Santa Maria in Provenzano, or the Insigne Collegiata di Santa Maria in Provenzano, is a late-Renaissance-Baroque style, Roman Catholic, collegiate church in Piazza Provenzano Salvani, in the Terza Camollia, just northeast of the basilica of San Francesco, in the city of Siena, region of Tuscany, Italy. This Marian shrine was built around a 14th-century terracotta icon of the Madonna, that had performed miracles. The Palio of Siena takes place on the day of veneration of this Marian devotion.
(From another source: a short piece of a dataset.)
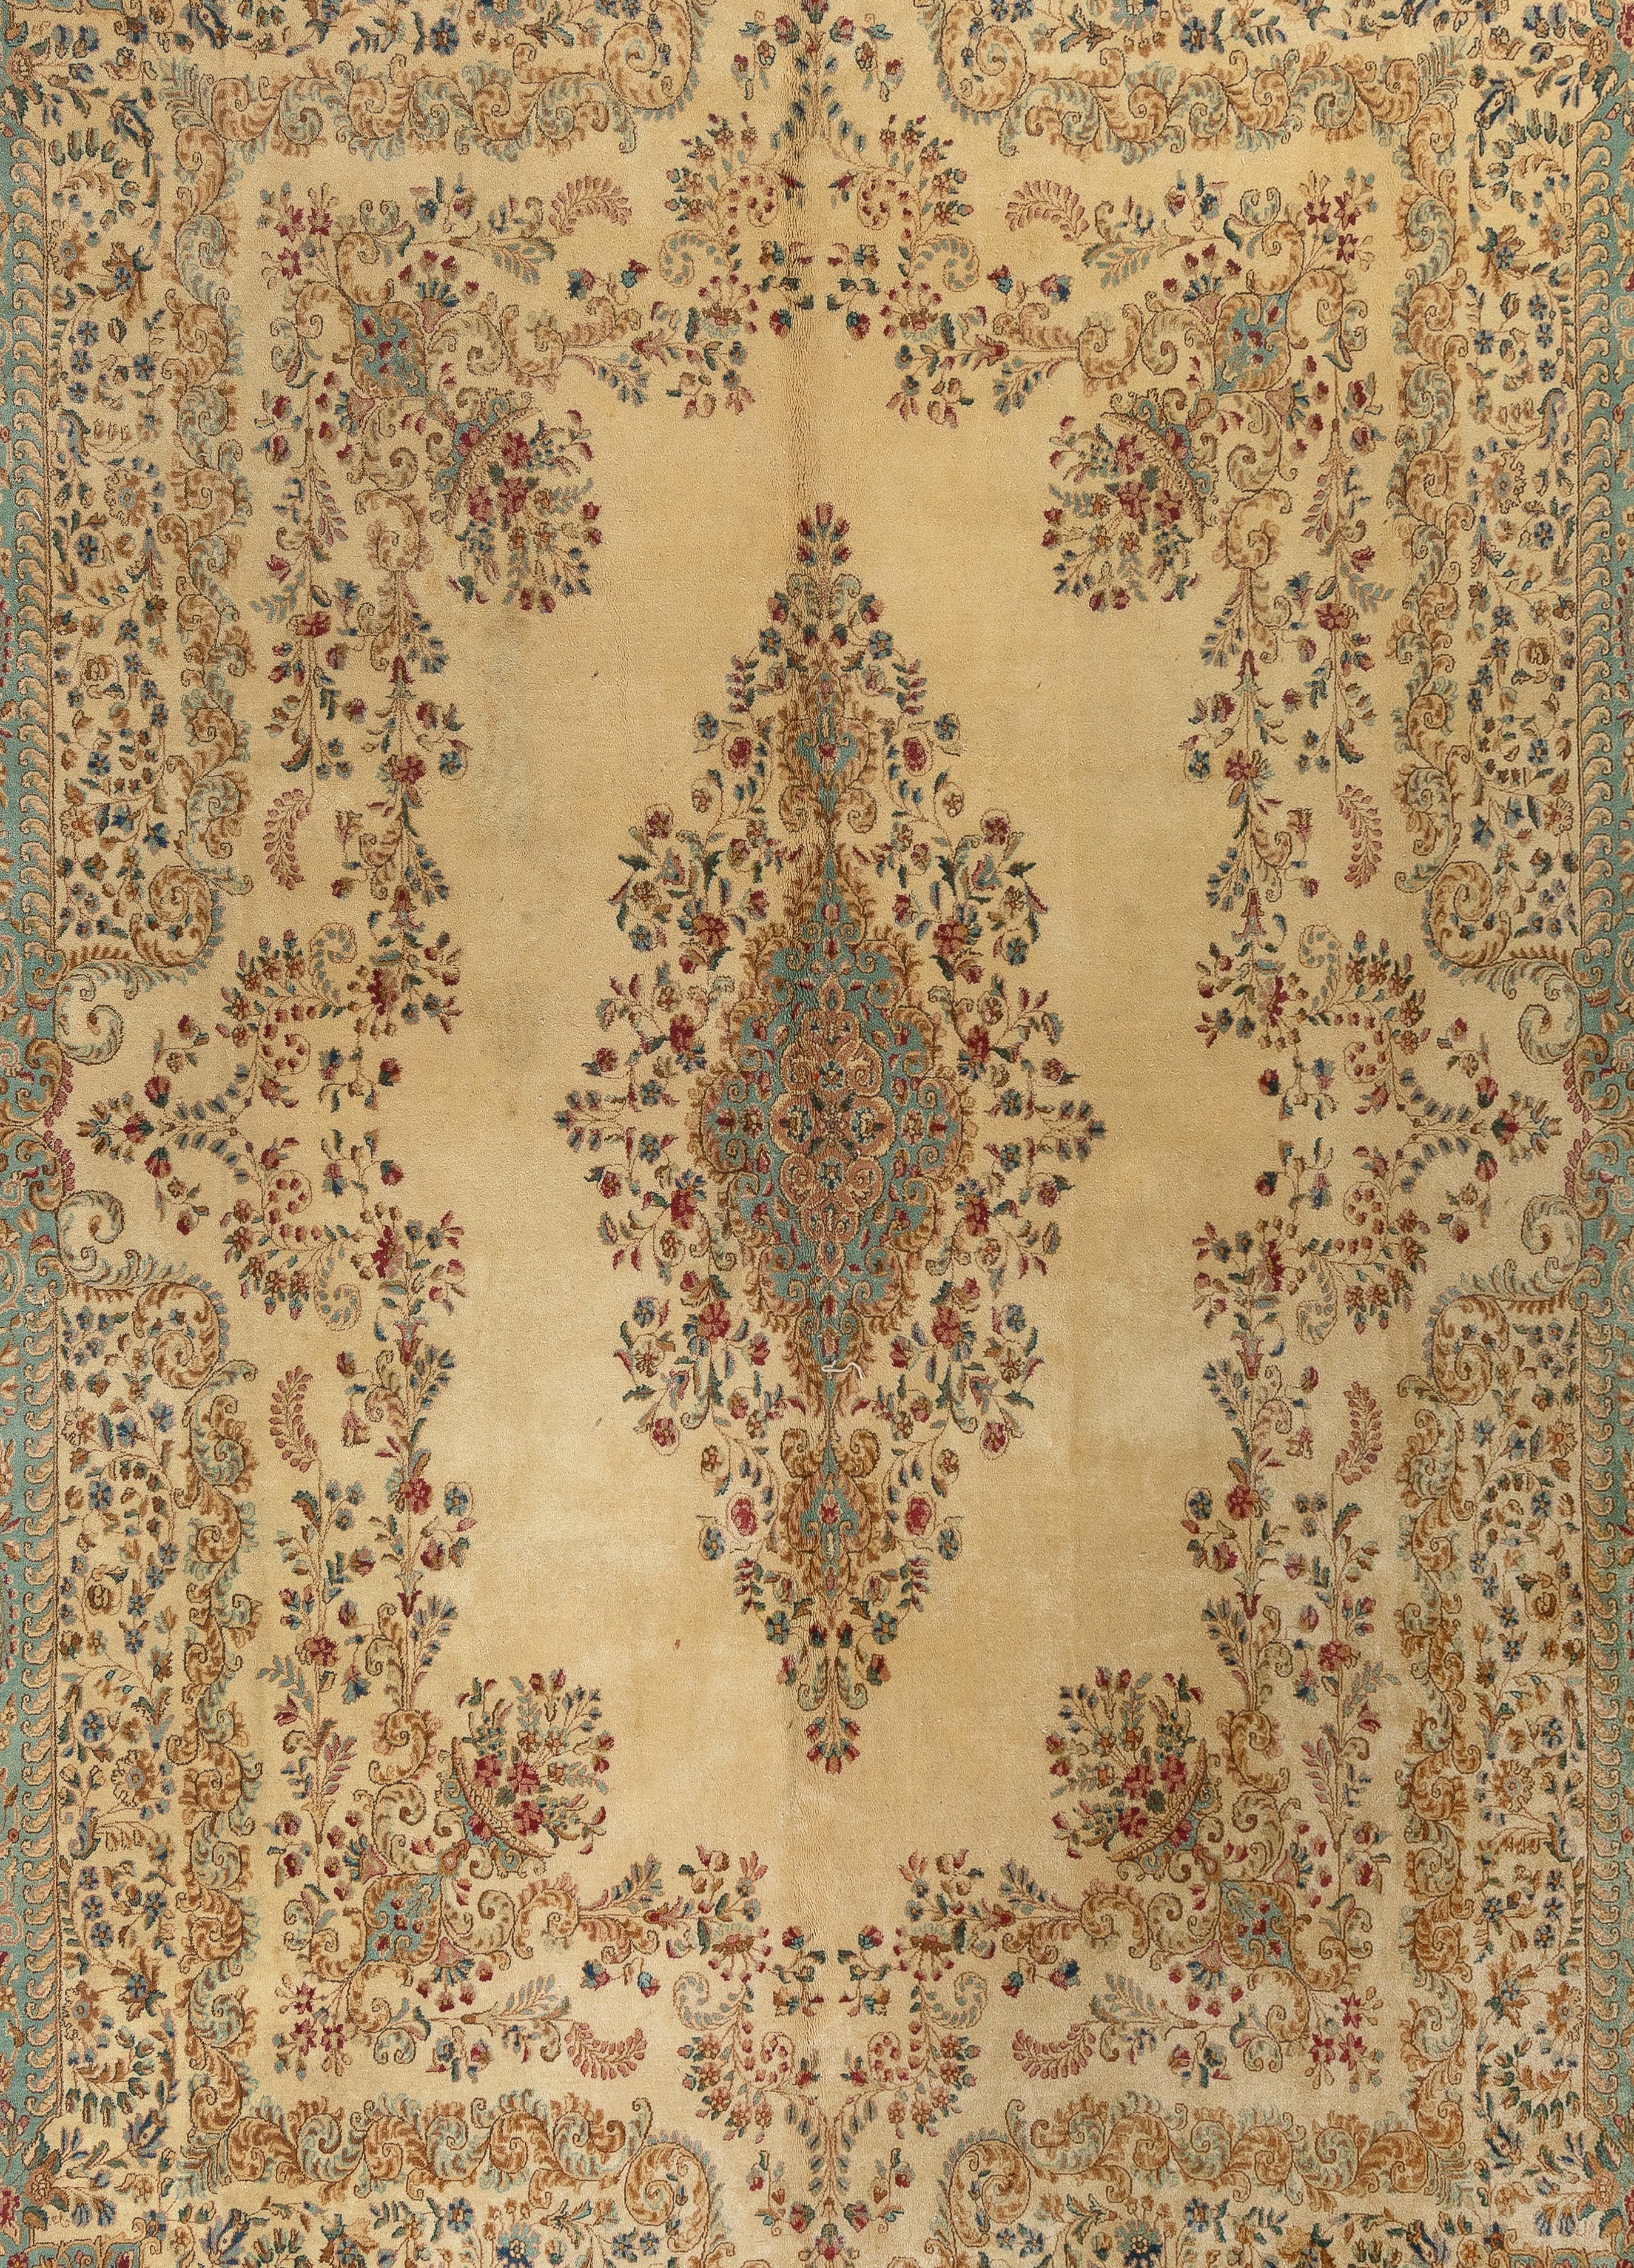 This exquisite vintage Persian Kerman rug has a very fine texture of soft lamb's wool on a tightly woven cotton foundation. With its incredibly well drawn details, the rug is a splendid piece to behold in delight. It features delicate flowering
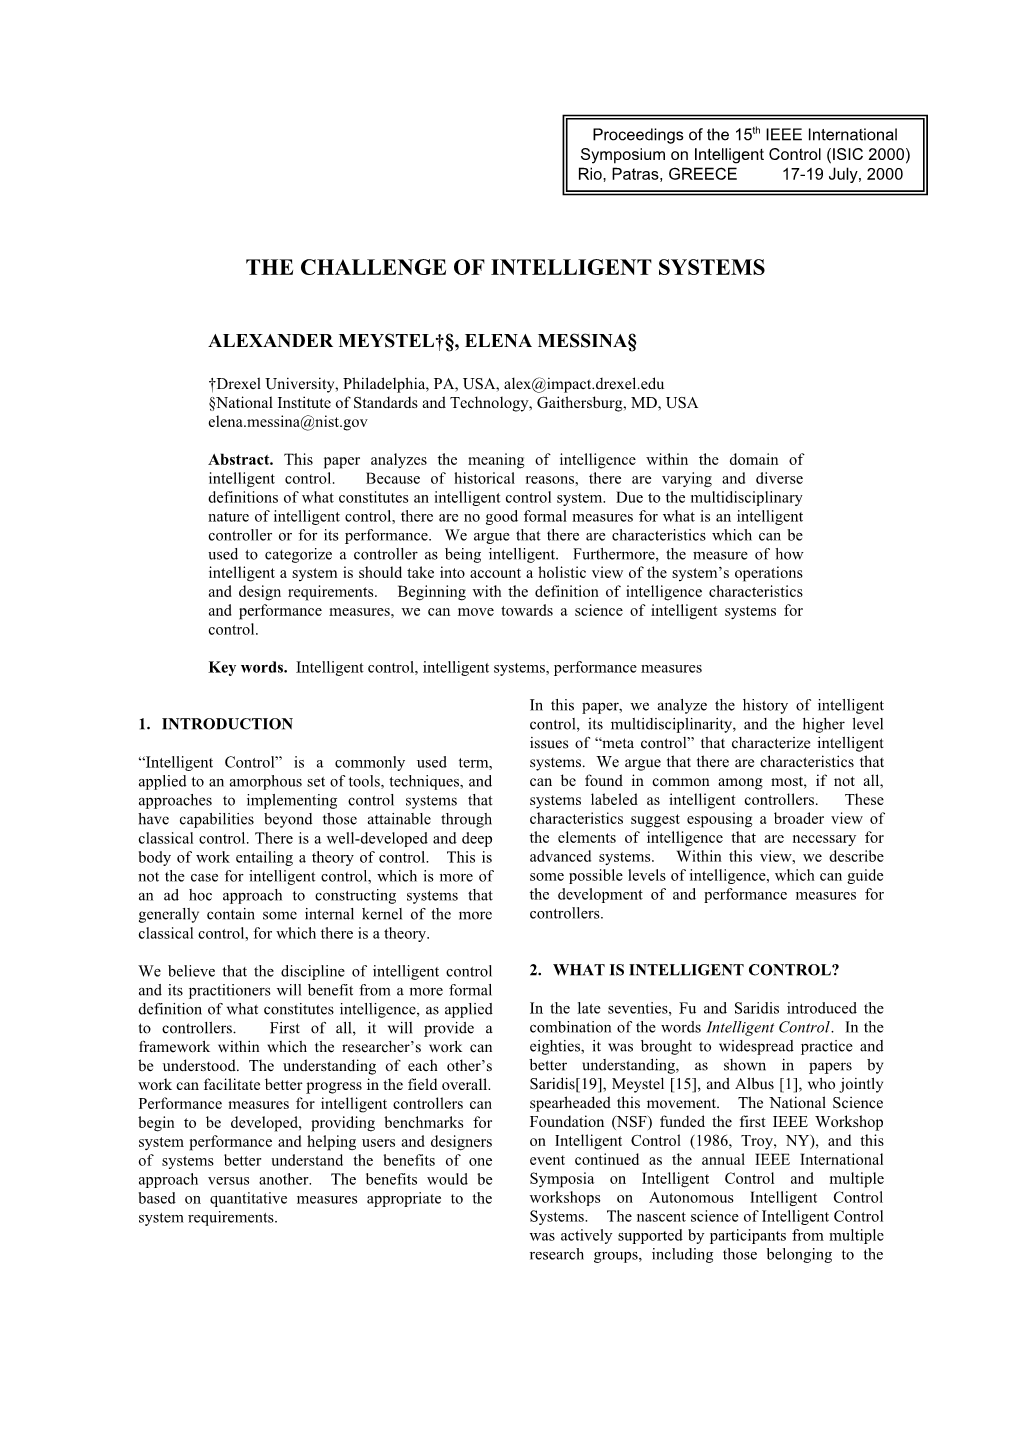 The Challenge of Intelligent Systems

The church was consecrated on October 16, 1611 by the archbishop Camillo Borghesi. The translation of the image, which originally was in an aedicule on wall next to a house into the church on this day was painted by Taddeo Gregori, the painting is presently in the Sacristy of the Collegiata. The procession included the widowed former grand-duchess Cristina of Lorraine and the reigning Grand-Duchess Maria Maddalena d'Austria
A number of omens and events had fortified the faith in the power of the 14th-century icon. The rambling prophecies of Brandano, il pazzo di Cristo (the madman of Christ), who just before 1555 decreed that: Siena, I see your evils and cannot heal you, because God is too angry with you, Siena! ... Run the Signoria through the sieve, or it will go into the brothel! Siena! ... Send your daughters barefoot to do penance in Provenzano, because a great drowning flood nears... Senesi! Your well-being rests with Provenzano and our Majestic Queen who has guarded Siena, and will protect her forever Tradition holds that the lackluster faith of the Sienese led the Madonna to quit her protection, and thus to the ultimate subjugation of Siena by the emperor and his Florentine allies.
The Madonna di Provenzano terracotta was shattered, putatively this occurred by an either errant or impertinent shot by a Spanish soldier in the occupying army of the Holy Roman Emperor Charles V. Supposedly the event caused a change on the soldier. He either died or repented from the event.